To Marie- Claire, she said, “Why not?”

TWENTY MINUTES LATER Iris and Marie-Claire were trudging across the western fields of Maycliffe. Iris still wasn’t entirely certain where they were going; Marie-Claire had said something about picking berries, but it seemed far too early in the year for that. Either way, Iris didn’t much care. She had a warm, buttery scone in her hands, and she was fairly certain it was the best thing she had ever eaten. Someone in the kitchens had to be from Scotland. It seemed the only explanation.

They didn’t say much as they made their way down the hill. Iris was busy savoring her breakfast, and Marie-Claire seemed happy enough swinging her basket as she skipped along. But once they reached the bottom and turned onto a well-worn path, Marie-Claire cleared her throat, and said, “I don’t know if anyone has properly thanked you.”

Iris went still, forgetting for a moment even to chew. She had not the pleasure of many conversations with Marie-Claire, and this . . . Well, frankly it surprised her.

“For . . .” Marie-Claire motioned toward Iris’s midsection, her hand making an awkward little circle in the air. “For that.”

Iris returned her eyes to the walking path.
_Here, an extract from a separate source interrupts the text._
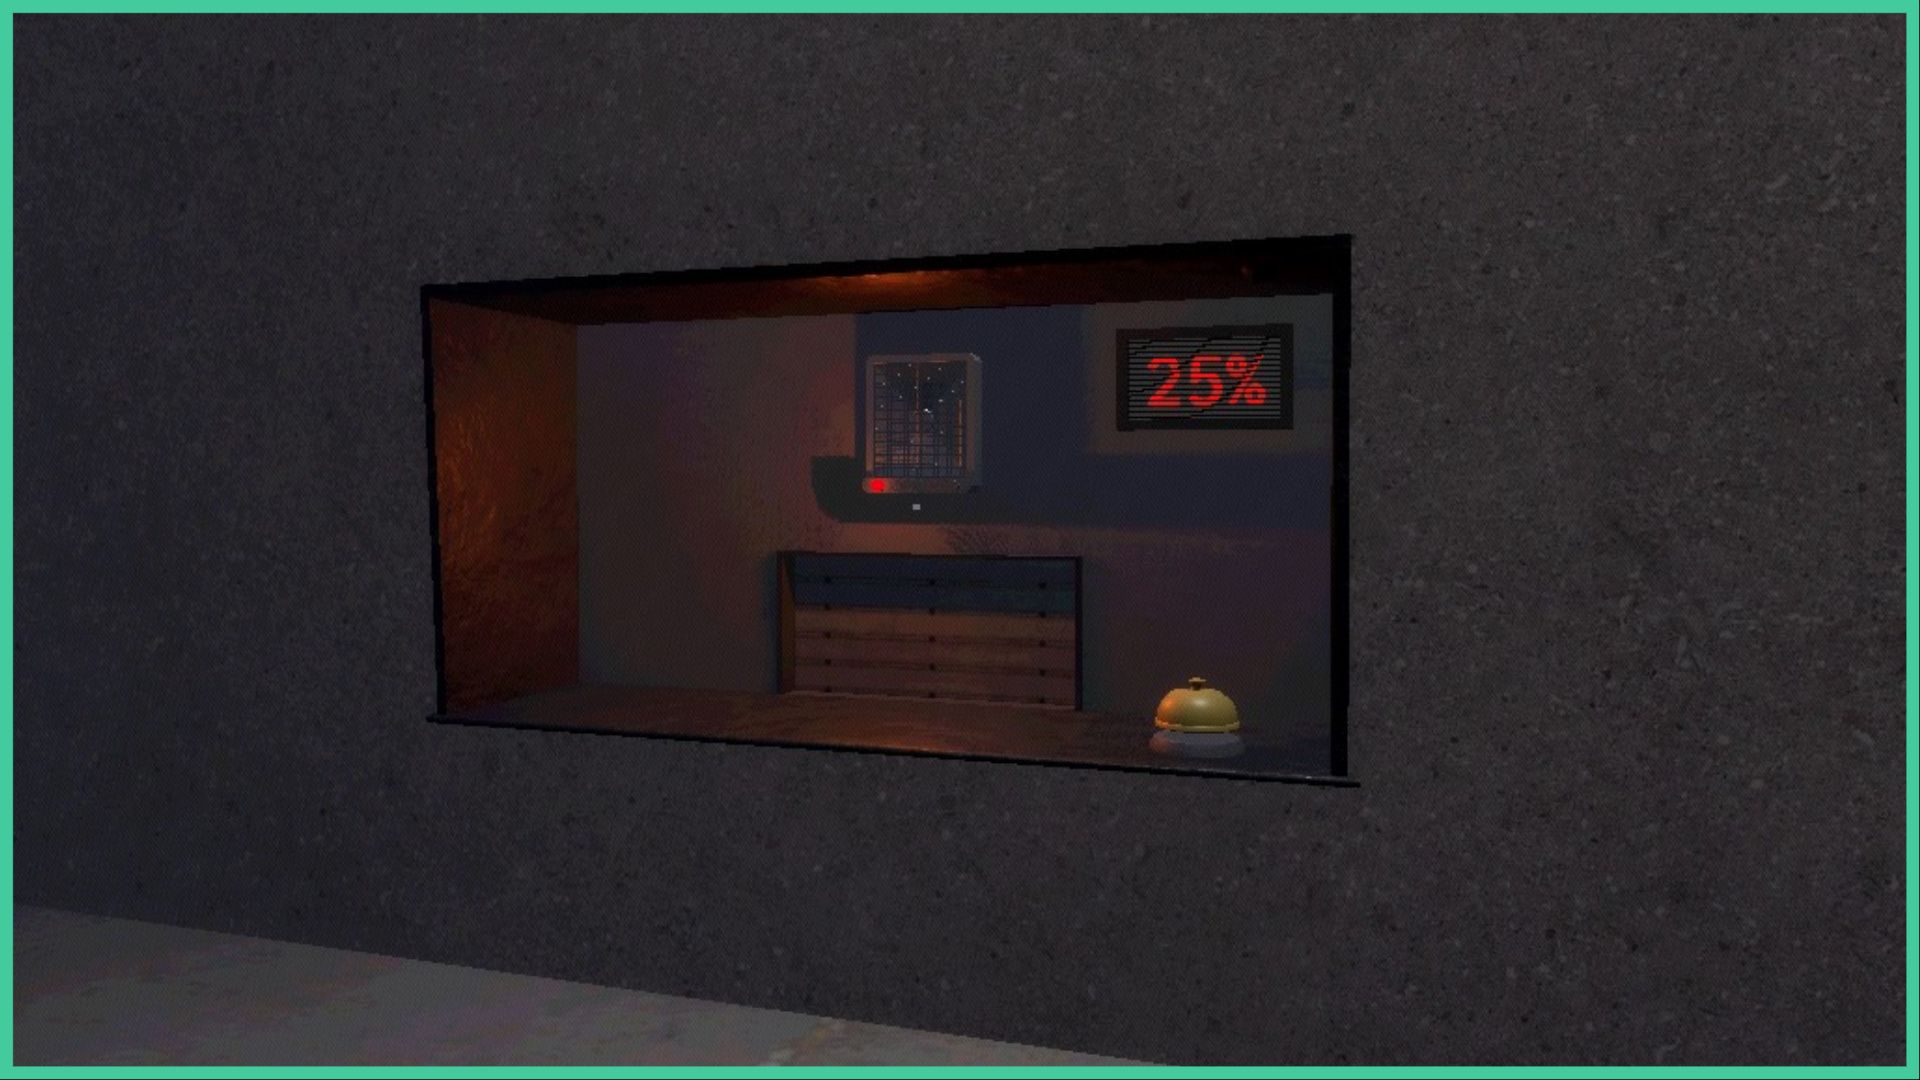 feature image for our how to sell in deadly company guide, the image features a screenshot from the game of the counter at the company building where you can sell your scrap items, there is a bell to ring, as well as a little hatch and a screen that has "25%" on it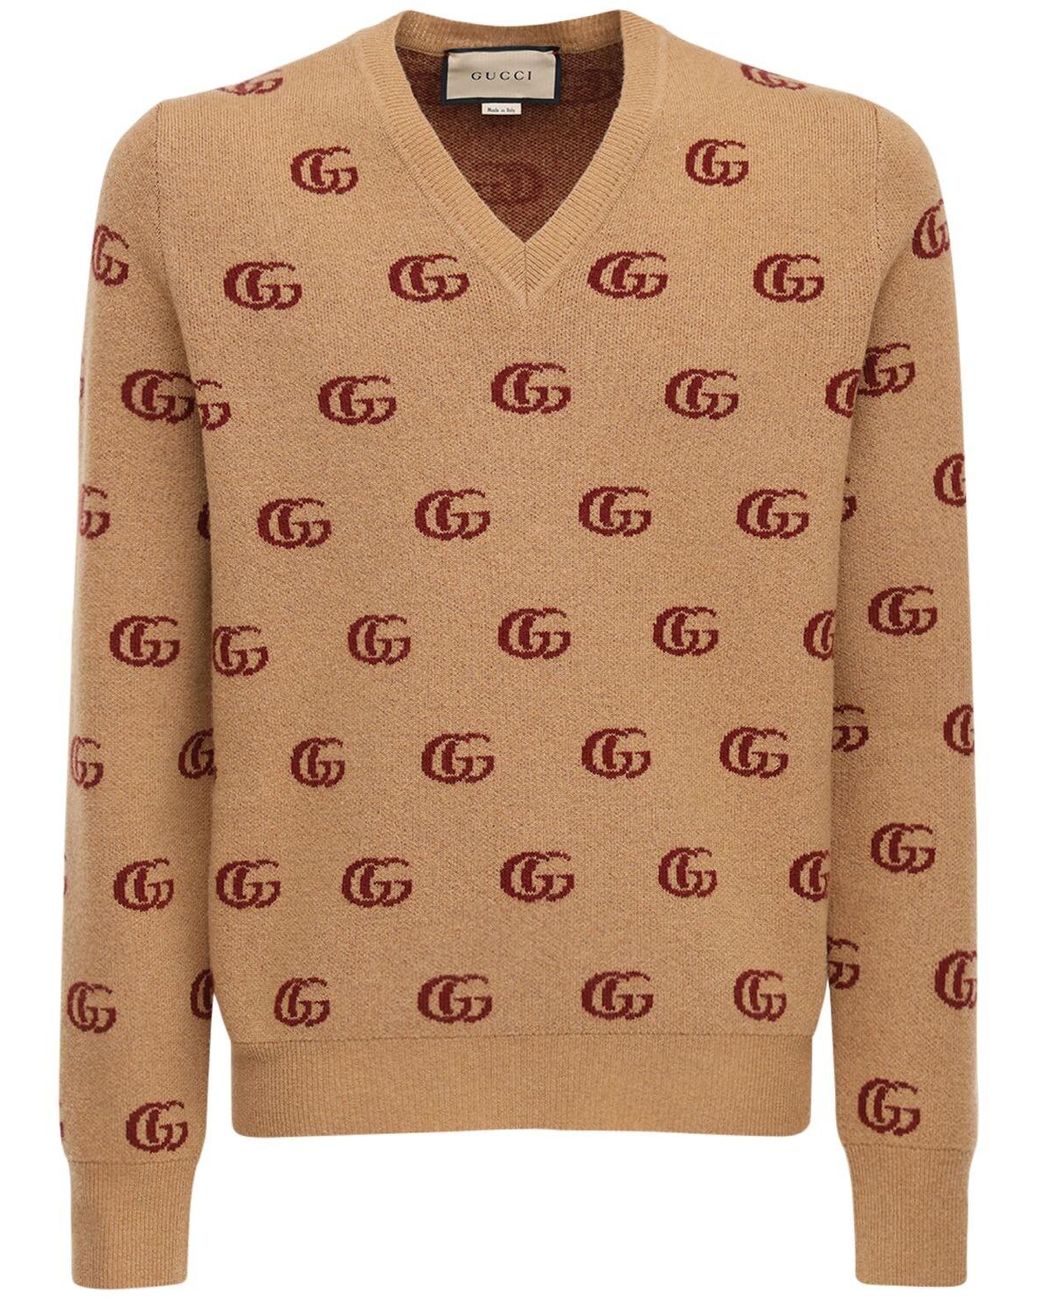 Gucci Double G Jacquard Wool V-neck Sweater for Men - Lyst

Richard had thanked her. It had taken him three days, but in all fairness, she had not given him the opportunity to do so before their conversation the night before. And even if he had tried, if he had banged her door down and insisted that she listen to him, it wouldn’t have mattered. She would not have heard anything he said. She had not been ready to allow him a true conversation.

“Iris?”

“You’re welcome,” Iris said, pretending to be absorbed in extracting a currant from her scone. She really didn’t feel like talking about this with Marie-Claire.

But the younger girl had other ideas. “I know Fleur seems ungrateful,” she persisted, “but she will come around. Eventually.”

“I’m afraid I cannot agree with your assessment,” Iris said. She still had no idea how Richard thought he was going to pull this off without Fleur’s cooperation.

“She’s not stupid, no matter how she might be acting right now. In fact, most of the time she’s not this—well, not quite this emotional.” Marie-Claire’s lips came together, pursing into a thoughtful frown. “She was very close to our mother, you know, more so than either Richard or me.”

Iris hadn’t known that. Richard had not said much of his mother to her, just that she’d died, and he missed her.

“Perhaps that made Fleur more motherly,” Marie-Claire continued. She looked over at Iris and gave a little shrug. “Perhaps that’s why she feels so attached to the baby.”

“Perhaps,” Iris said. She sighed, glancing down at her own belly. She was going to have to start padding herself soon. The only reason she had not yet done so were the three hundred miles between Yorkshire and London. Ladies were not quite so relentlessly fashionable here, and she could get away with wearing last year’s frocks. Waistlines were dropping in the capital; the forgiving billows of the Regency style were giving way to something far more structured and uncomfortable. By 1840, Iris predicted, women would be corseted into nothingness.

They walked on for a few quiet moments, then Marie-Claire said, “Well, I’m thanking you.”

“You’re welcome,” Iris said again, this time turning to Marie-Claire with a small, rueful smile. The younger girl was trying. The least she could do was be gracious.

“I know that Fleur says she wants to be a mother,” Marie-Claire went on blithely, “but it’s really quite selfish of her. Do you know she has not apologized to me even once?”

“To you?” Iris murmured. Because really, she rather thought she deserved one first.

“She’ll ruin me,” Marie-Claire said. “You know she will. If you weren’t doing what you’re doing—”

Doing what you’re doing, Iris thought. What a lovely euphemism.

“—and she went ahead and had this baby out of wedlock, no one would have me.” Marie-Claire turned to Iris with an expression that was almost belligerent. “You’ll probably say I’m being selfish, but you know it’s true.”

“I know,” Iris said quietly. Perhaps if Richard gave Marie-Claire a season in London . . . They could probably find someone for her, someone who lived far from this corner of Yorkshire. Gossip traveled, but usually not that far.

“It’s so unfair. She makes a mistake, and I’m the one who would have to pay the price.”

“I hardly think she would find herself getting off scot-free,” Iris pointed out.

Marie-Claire pressed her lips together impatiently. “Yes, well, she would deserve it, not me.”

It was not the most becoming of attitudes, but Iris had to admit that Marie-Claire had a point.

“Trust me when I tell you there are girls here who are just dying for a reason to cut me.” Marie-Claire sighed, and a little bit of bravado seemed to seep out of her. She looked over at Iris with a slightly forlorn expression. “Do you know girls like that?”

“Quite a few,” Iris admitted.

They walked about ten more paces, and then Marie-Claire suddenly said, “I suppose I can forgive her a little.”

“A little?” Iris had always thought that forgiveness was an all-or-nothing sort of thing.

“I’m not completely unreasonable,” Marie-Claire said with a sniff. “I do recognize that she’s in a difficult situation. After all, it’s not as if she can marry the father.”